Ocean current energy and tidal energy are fluctuating forms of energy. However, because of their periodicity, they are easily predictable and therefore planning is possible. A large consumer could be adjusted with regard to its operation. On the other hand, solar radiation, wind energy, and ocean wave energy are weather-dependent forms of energy that can be predicted only with the usual uncertainty. When directly connecting these devices to the electrical power system, it is necessary in the case of deviation of the generated electricity from the actual demand to either run up power plants using fossil fuel in order to compensate the deficiency or, when an oversupply of renewable energy is present, to throttle them.
However, these fossil fuel operated power plants are not operated at optimal working point and optimal efficiency when operated in compensating operation for fluctuating sources. In comparison to the optimal operation, for each electrical energy unit more CO2 is produced and more fuel is required. Accordingly, higher costs result in comparison to continuous operation of the power plant at the optimal working point. For this reason, the operation of power plants supplied with fossil fuels in order to enable compensation of fluctuating forms of energy, in turn, limits the environmentally friendly generation of energy of regenerative power plants.
In [1] and [2] an ocean power plant concept for use in the ocean or in a coastal area having great water depths is described that uses exclusively regenerative forms of energy. In this power plant concept at least two, if possible all, regenerative energy flows available at the site are to be used. For example, when one regenerative form of energy is not available, it can be replaced by another at the same time.
When a direct connection to an electrical power system is not possible, the energy that is generated at the site is to be consumed directly by a manufacturing process and is to be stored in this way. There are very different manufacturing processes, from foodstuff production to the production of known energy carriers to processing of metals. The product of a manufacturing process is then transported by ship, or if technically possible and economical, by pipelines to a storage facility in the vicinity of the consumer. With the aid of storage devices, an energy-consuming power system becomes independent of the arrival of regenerative energy in this way. The supply on land is always ensured because the manufactured products can be always optimally adjusted by suitable storage and distribution to the actual demand.

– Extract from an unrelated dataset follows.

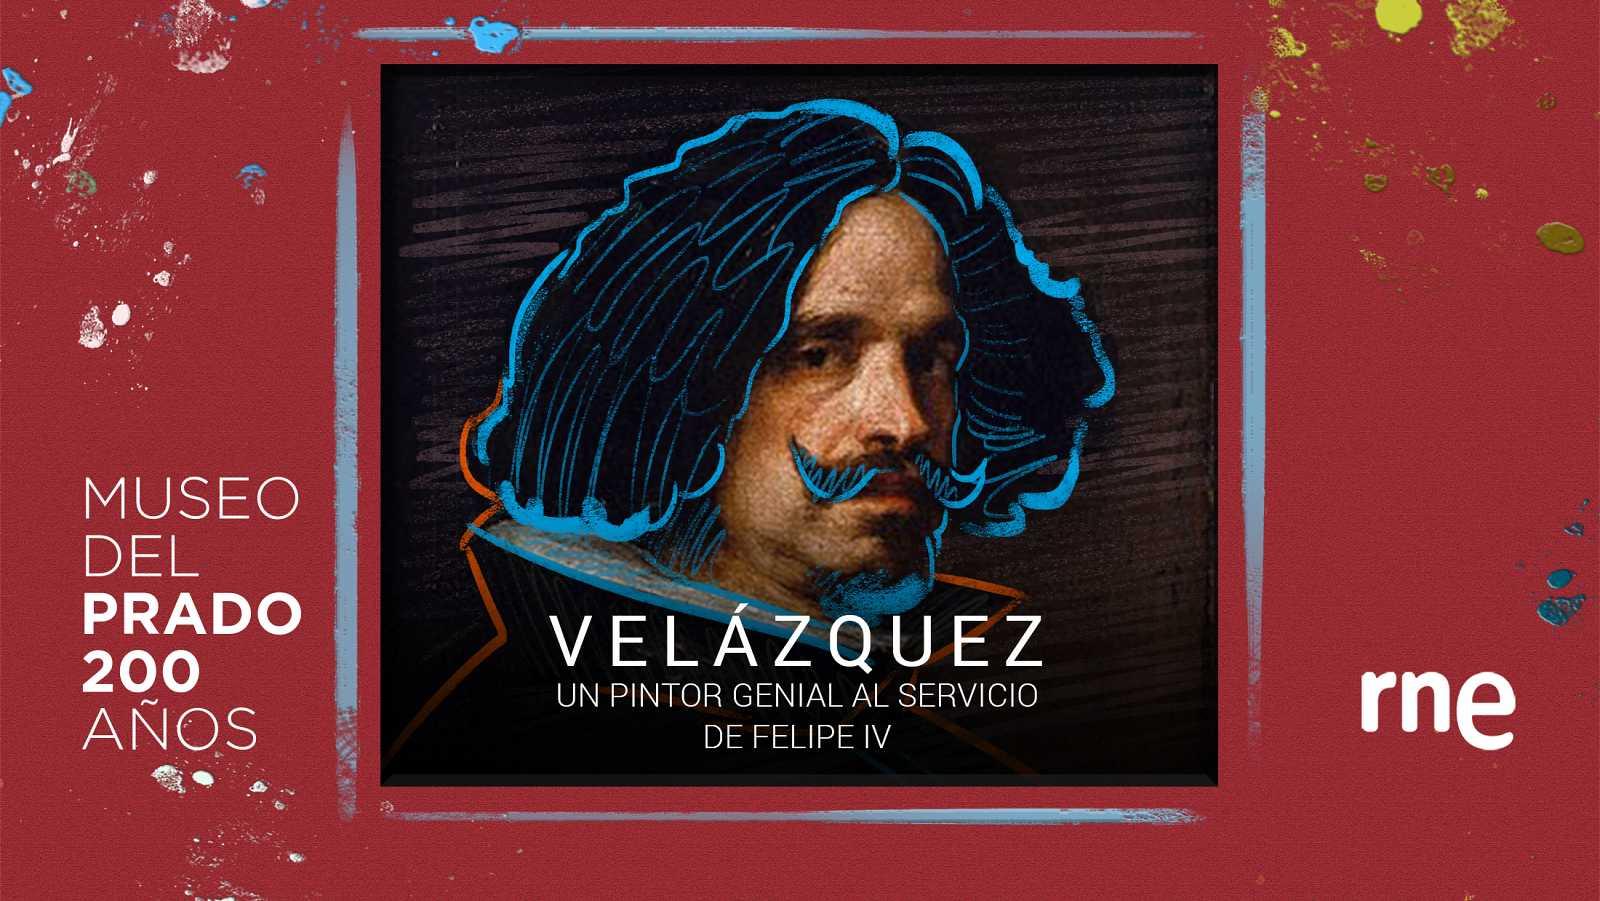 Documentos RNE - Velázquez, un pintor genial al servicio de Felipe IV - Ver ahora

The power plant concept disclosed in [1] and [2] propose utilization of warm surface water that has a temperature differential relative to the cold water at approximately 800 m depth. For a sufficiently great temperature differential it is possible to take work-performing energy from a heat flow. Far away from 40 degree latitude in the northern or southern direction, the temperature differential between surface water and deep water is too minimal so that it cannot be economically used. Because of the required large ocean depth for the cold water, this concept therefore cannot be used in warm shallow seas whose depths do not reach at least 700 m to 800 m.
The described submarine reverse osmosis requires a minimum depth of approximately 300 m to 500 m in order to be able to operate especially economically in comparison to other desalination methods. When the water depth is less, additional energy must be made available for the required pressure build-up for reverse osmosis. The reverse osmosis is still an interesting method for desalinating sea water. Drinking water preparation and desalination of water are very important but also energy-intensive processes that gain in importance. The public becomes more and more aware of the worldwide depletion of drinking water.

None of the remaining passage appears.